Ao deixar o governo Figueiredo, mesmo em meio a uma série de denúncias de irregularidades, como a cobrança de propina para facilitar negócios de empresas francesas no Brasil, Delfim Netto se candidatou a deputado federal pelo PDS (antigo Arena) e voltou para Brasília – onde ficaria por cinco mandatos até perder as eleições em 2006. Ele dava risada ao lembrar que, nessa época, era o terror da esquerda brasileira. “O pessoal do PT saía do elevador quando me encontrava, achando que aquilo ia me incomodar.”
Como deputado federal, participou da constituinte e foi um crítico das políticas econômicas de Sarney, Fernando Collor de Mello, Itamar Franco e Fernando Henrique Cardoso. Quando o Plano Real foi anunciado, em fevereiro de 1994, considerou-o “eleitoreiro” e defendeu uma política de “privatizações selvagens” para controle da inflação – mais tarde ele mudaria de ideia em relação ao plano, mas continuaria sendo oposição a FHC, a quem chamava de “exterminador do presente”. Dizia que os juros altos eram a “tragédia do trabalhador desempregado e a alegria do banqueiro endinheirado” – um discurso que começou a agradar até a seus adversários históricos da esquerda.
Metamorfose ambulante
Nas eleições de 98, já como membro do PPB de Paulo Maluf, disse que Lula não devia ser “satanizado”. No pleito seguinte, em 2002, elogiou a Carta ao Povo Brasileiro, mas só quando o sindicalista passou para o segundo turno com José Serra, Delfim Netto manifestou seu apoio, em uma entrevista publicada no site de Lula.

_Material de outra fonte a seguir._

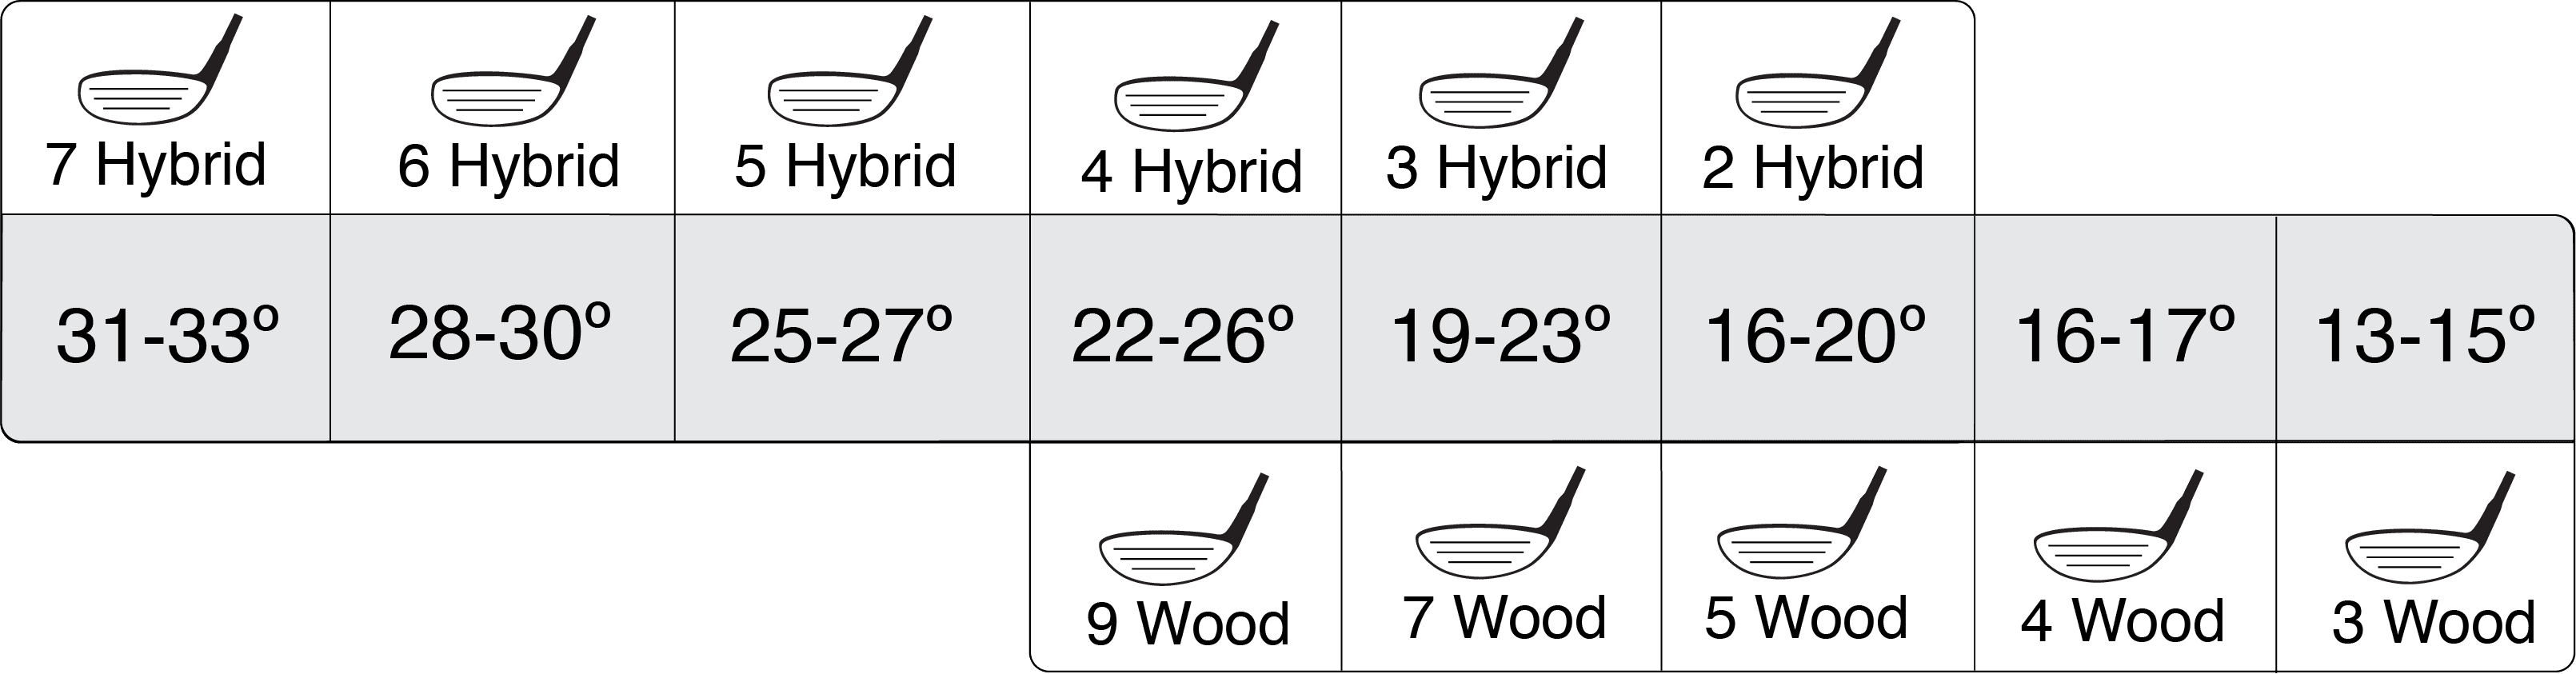 Hybrid Golf Club Shaft Length Chart
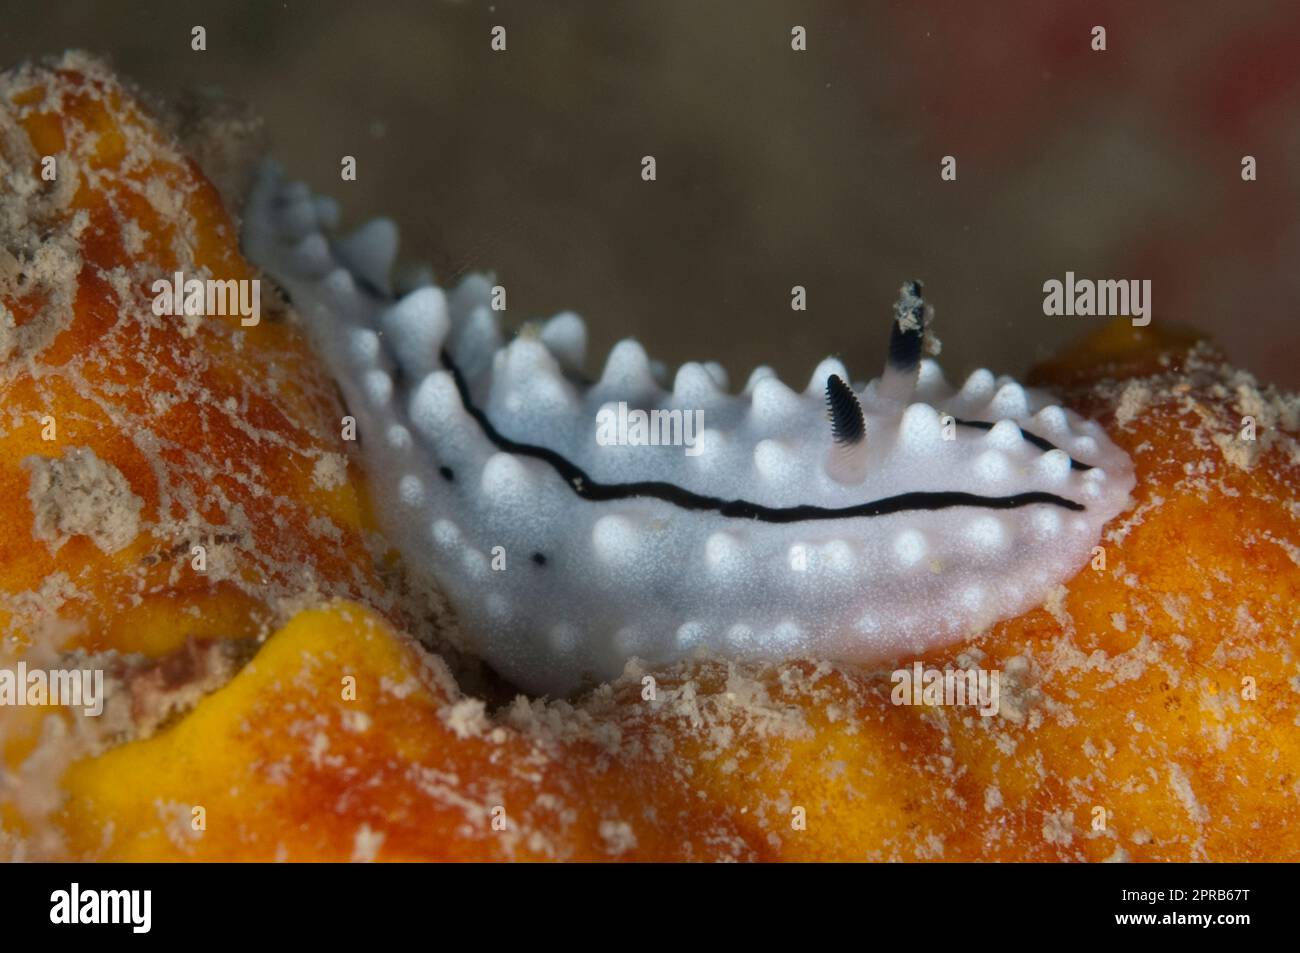 Rudman's Phyllidiella Nudibranch, Phyllidiella rudmani, with tubercules on Sponge, Porifera Phylum, Shipwreck dive site, Pulau Putri, Thousand Islands Stock Photo

No governo petista, teve um assento no Conselho de Desenvolvimento Econômico e Social, indicou pessoas próximas para cargos em estatais, foi conselheiro da Empresa Brasil de Comunicação e cogitado diversas vezes para ser ministro. Em 2009, declarou que “Lula salvou o capitalismo brasileiro”.
O ex-ministro apoiou a candidatura de Dilma Rousseff e chegou a ser conselheiro da petista. Os dois romperam em 2012, contava Delfim, depois que o governo forçou uma redução no preço da energia elétrica, o que considerava um dos grandes equívocos daquela gestão.
Tão próximo dos petistas, Delfim não escapou da Operação Lava Jato. Em 2018, foi citado por suspeita de fraude na licitação da usina de Belo Monte, usando sua influência para beneficiar o consórcio vencedor. Sua defesa contestou a acusação, dizendo que os recursos apontados como propina eram a remuneração por consultoria prestada a empreiteiras.
Quando viu que o governo ia afundar, Delfim Netto mudou de barco. Meses antes de Dilma ser afastada do cargo, o economista já se encontrava regularmente com o vice Michel Temer, que assumiria a Presidência após o impeachment.
Com Bolsonaro no poder, voltou seus elogios para a política liberal de Paulo Guedes. Dizia que Guedes era o lado iluminado do governo.
Ao tentar definir Delfim, o pesquisador da FGV Samuel Pessôa disse certa vez que o ex-ministro era “a figura mais complexa da segunda metade do século XX no Brasil” e resumiu: “Ele compactuou com o regime militar na parte mais dura da ditadura, no que houve de mais violento e condenável daquele período negro da nossa história, mas é um economista espetacular, dos melhores da nossa história.”